Bimmerfest clinched it for me. All those nice M3s. So, I'm going to part with my ESS supercharged 323CiC and upgrade to an M3 Cab. Got a June build slot for MSRP.

On Order - 
2002 M3 Cab
Jet Black
Cinnamon Leather
Bi-Xenon
Nav
HK Sound
Heated Seats
Rain Sensor

Planned extras
6 disc changer
clear or body colored reflectors on the bumper
Eisenmann exhaust
SSR 19" rims with Potenza S-03s (once the factory rubber goes ...)


----------



## Pinecone (Apr 3, 2002)

The clear corners (turn signals) are standard on the M3.

The SMG is wonderful. I wondered abouyt it, not being able to drive one before, but I am extremely happy with it.

Consider doing the Performance Center Delivery. That way you get to drive one of their SMG cars before you have to drive yours. Also the trip is great fun, and the drive home gets that 1200 mile break in out of the way.

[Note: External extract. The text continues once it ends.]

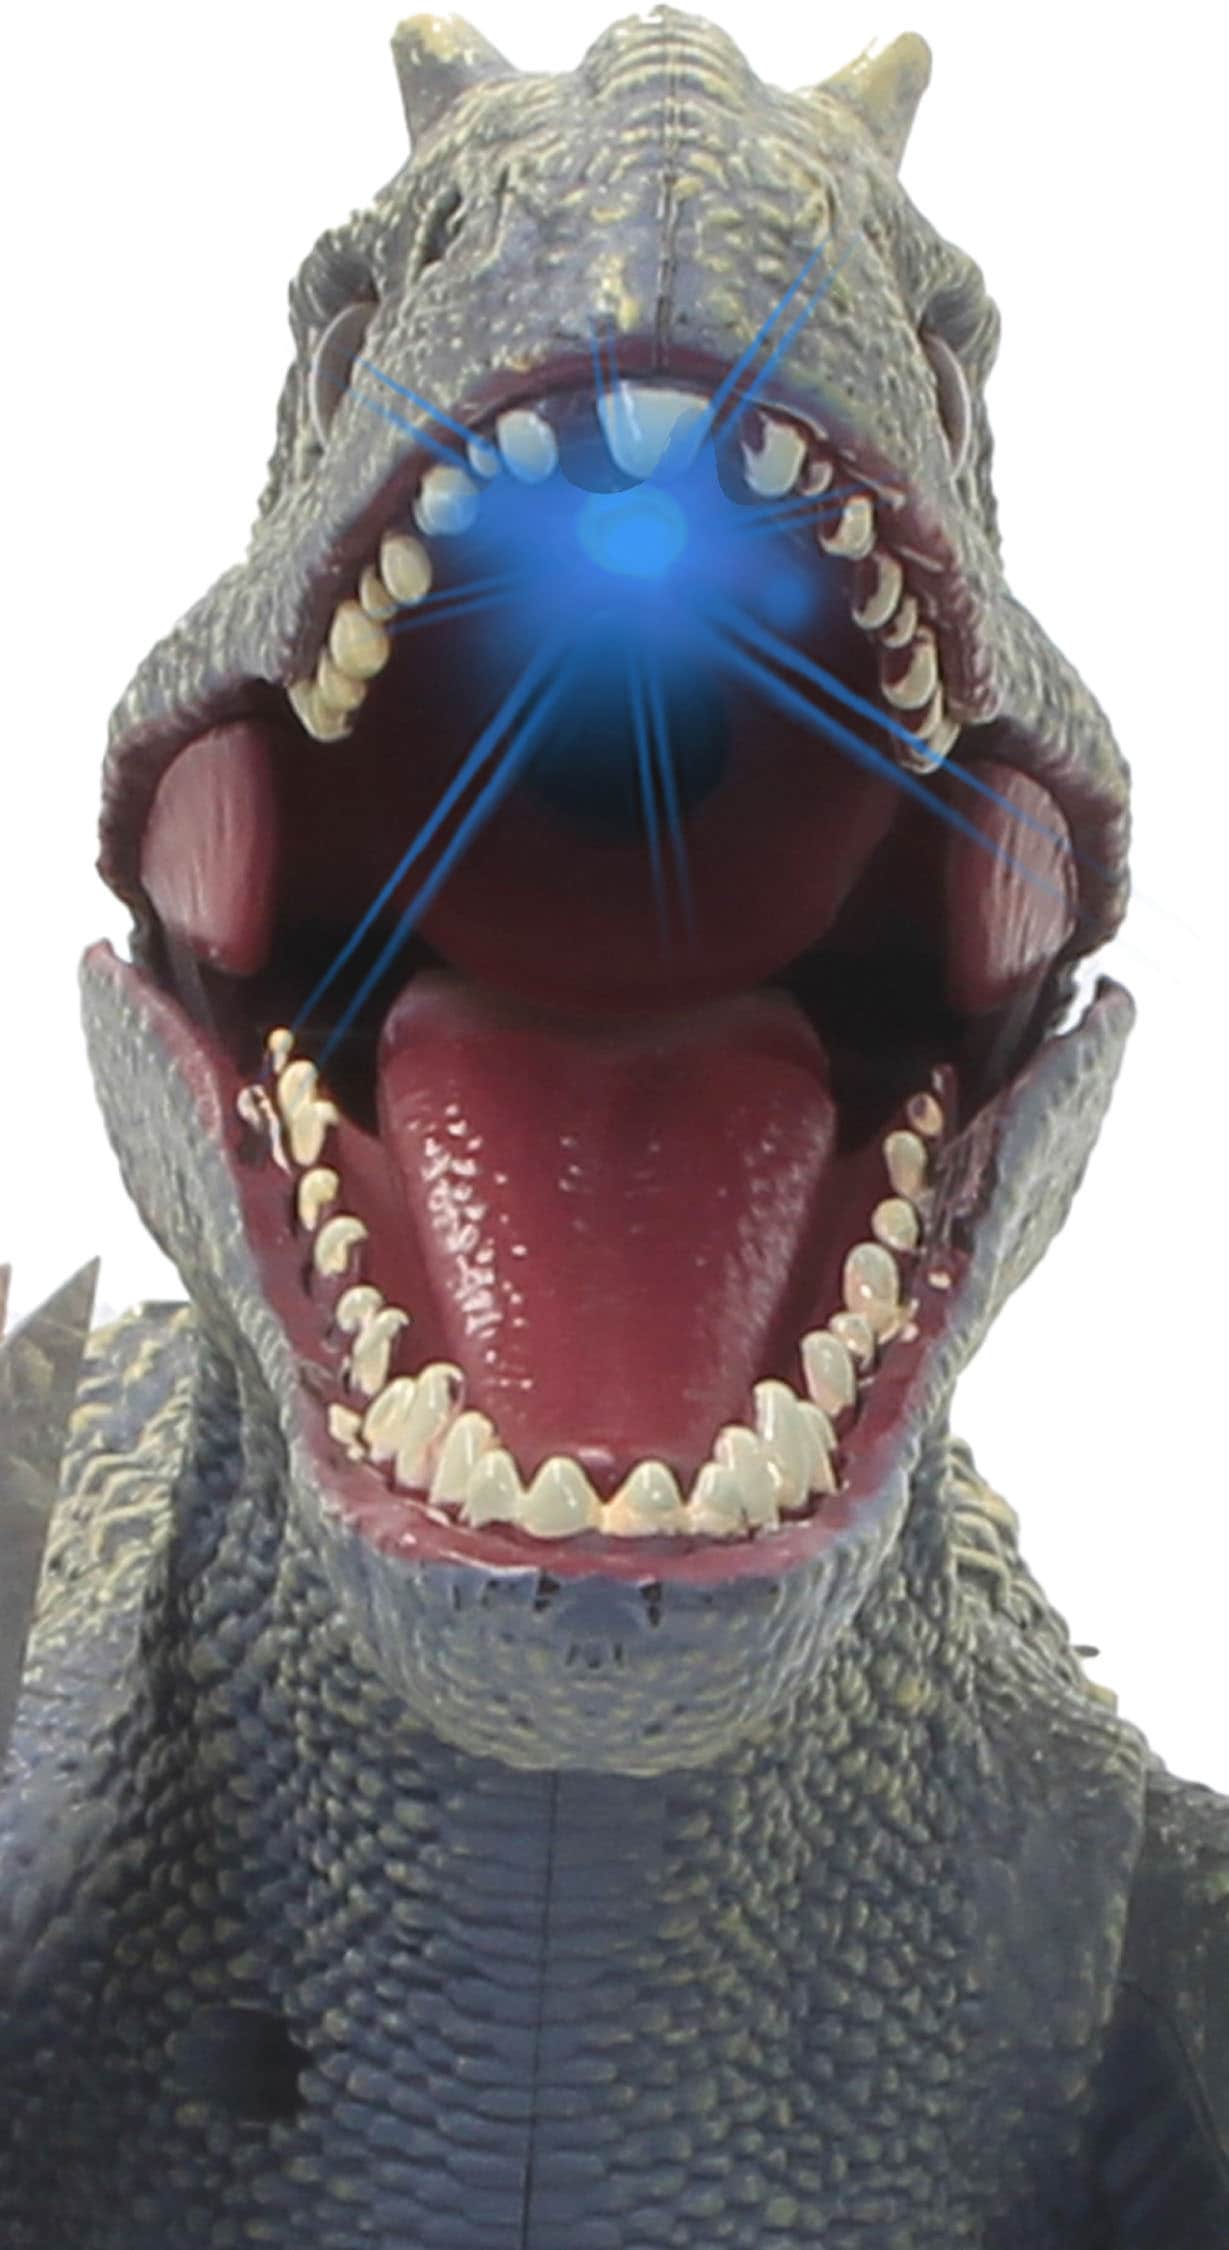 Jamara RC-Tier »Dinosaurier Exoraptor, Li-Ion 3,7V, 2,4GHz, grau«, mit Licht und Sound

Think hard about the NAV. The BMW NAV is pretty bad. Roundel did an article that blasted it. I decided against it, and got a Garmin Street Pilot III. A LOT less money ($750) and a MUCH better GPS system. It isn't as neat an installation, but I prefer function.


----------



## .Gravedgr. (Apr 16, 2002)

Pinecone said:


> *The clear corners (turn signals) are standard on the M3.*


He said clear reflectors - on the bumper. I'm getting body-colored ones, myself.



Pinecone said:


> *Think hard about the NAV. The BMW NAV is pretty bad. Roundel did an article that blasted it. I decided against it, and got a Garmin Street Pilot III. A LOT less money ($750) and a MUCH better GPS system. It isn't as neat an installation, but I prefer function. *


Where in the dash layout did you put your aftermarket NAV? I didn't order BMW NAV either, but I would consider it later depending on price, expected use, and how well it installs.


----------



## pakoenig (Feb 25, 2002)

*Comments on the Nav*

I have had the BMW Nav on my 740i Sport (what a car !) and on my existing ESS supercharged 323CiC for the last 2 years, so I'm aware of the the pros and cons. Yes, the Lexus system is much better, but I still like the functionality and have grown somewhat dependent on it.

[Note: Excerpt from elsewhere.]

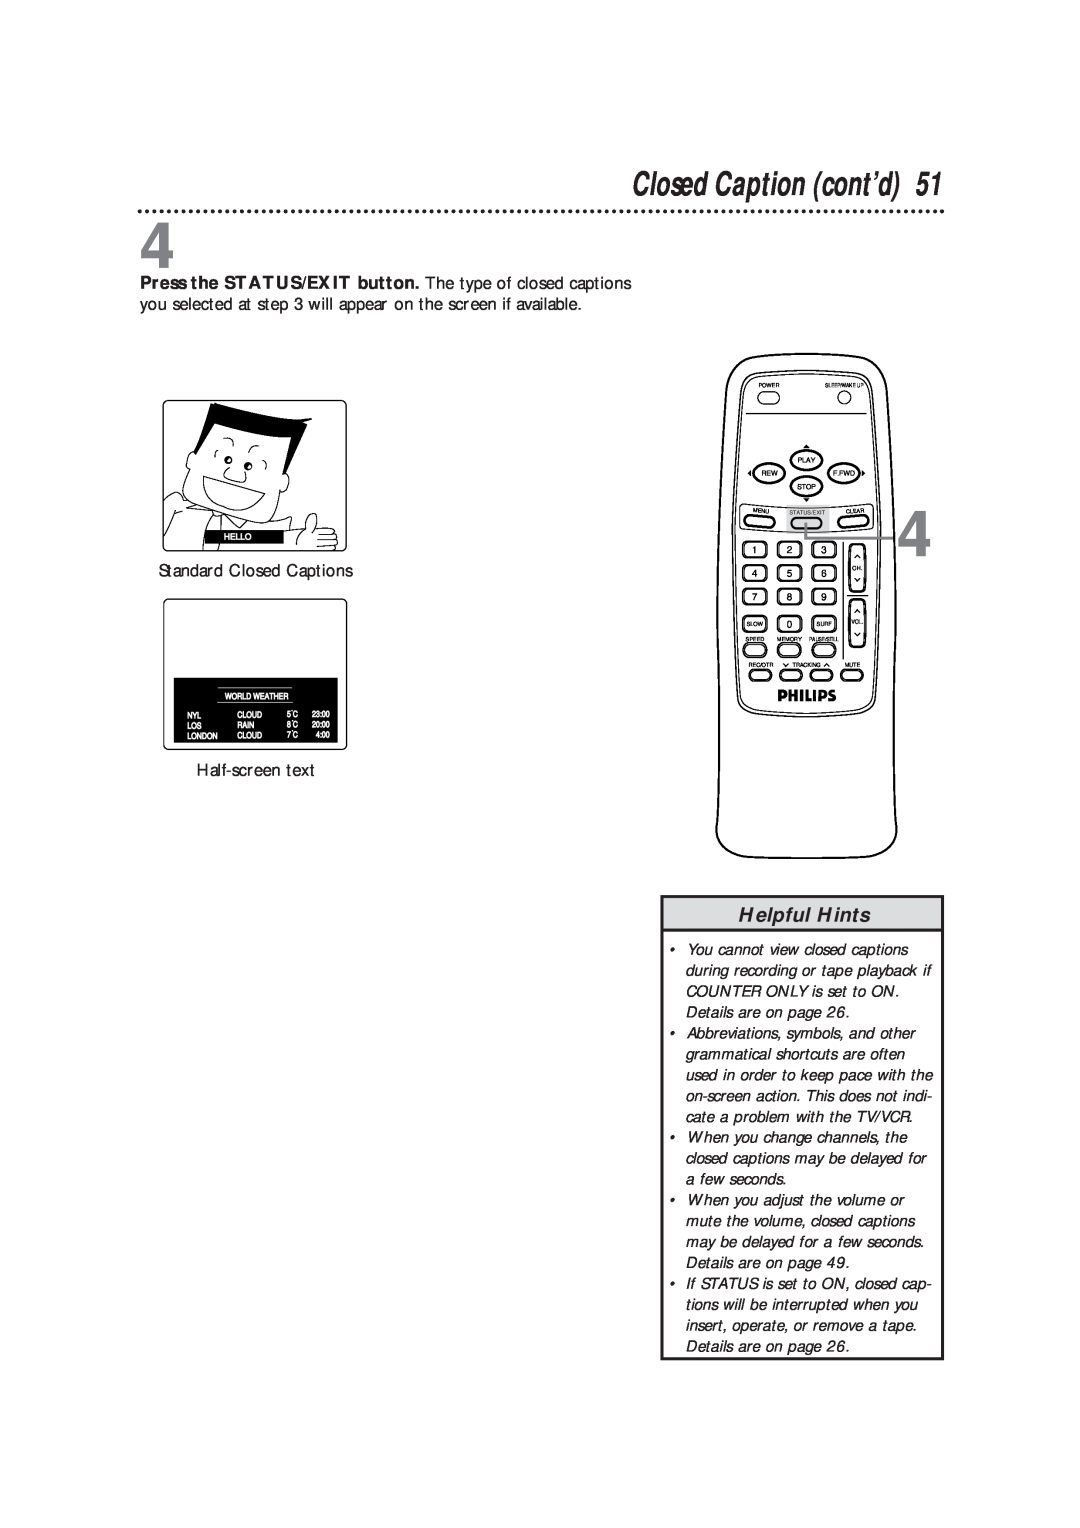 Magnavox CCB193AT owner manual Closed Caption cont’d, Helpful Hints, Standard Closed Captions, Half-screen text

I intend to get clear or maybe body colored reflectors on the front bumper.


----------



## Pinecone (Apr 3, 2002)

Sorry, I misread. Any source for GOOD clear relfectors? I have heard that most are iffy.

WRT the nav, I put the mount on top of the dash in the center. It is up where you can see the dispaly with no problem, and I get great reception with the standard antenna on the unit. No remote or external antenna needed.

Where I mounted it, it doesn't blcok any view, since what you see on the other side is the hood. I also mounted it a little fromt eh windshield to easier reach the buttons. It is very convenient for both the driver and the passenger to operate and read.

I bought mine from a place called Toy Farming.  They sell mainly diecast toys of farm equipment, but also the best prices on Garmin GPS units. (www.toyfarming.com). For accessories I found GPS Discount to be about the best prices and availability (www.gpsdiscount.com). Their prices on the unit itself are alo very good, if you want to do one stop shopping.

I will try and get a couple of pictures this weekend.


----------



## pakoenig (Feb 25, 2002)

*Update - June 7 build date !*

I can't believe my great luck. I have a early June build date ! So chances are I can pick the car up in early July at the PDC in South Carolina.


----------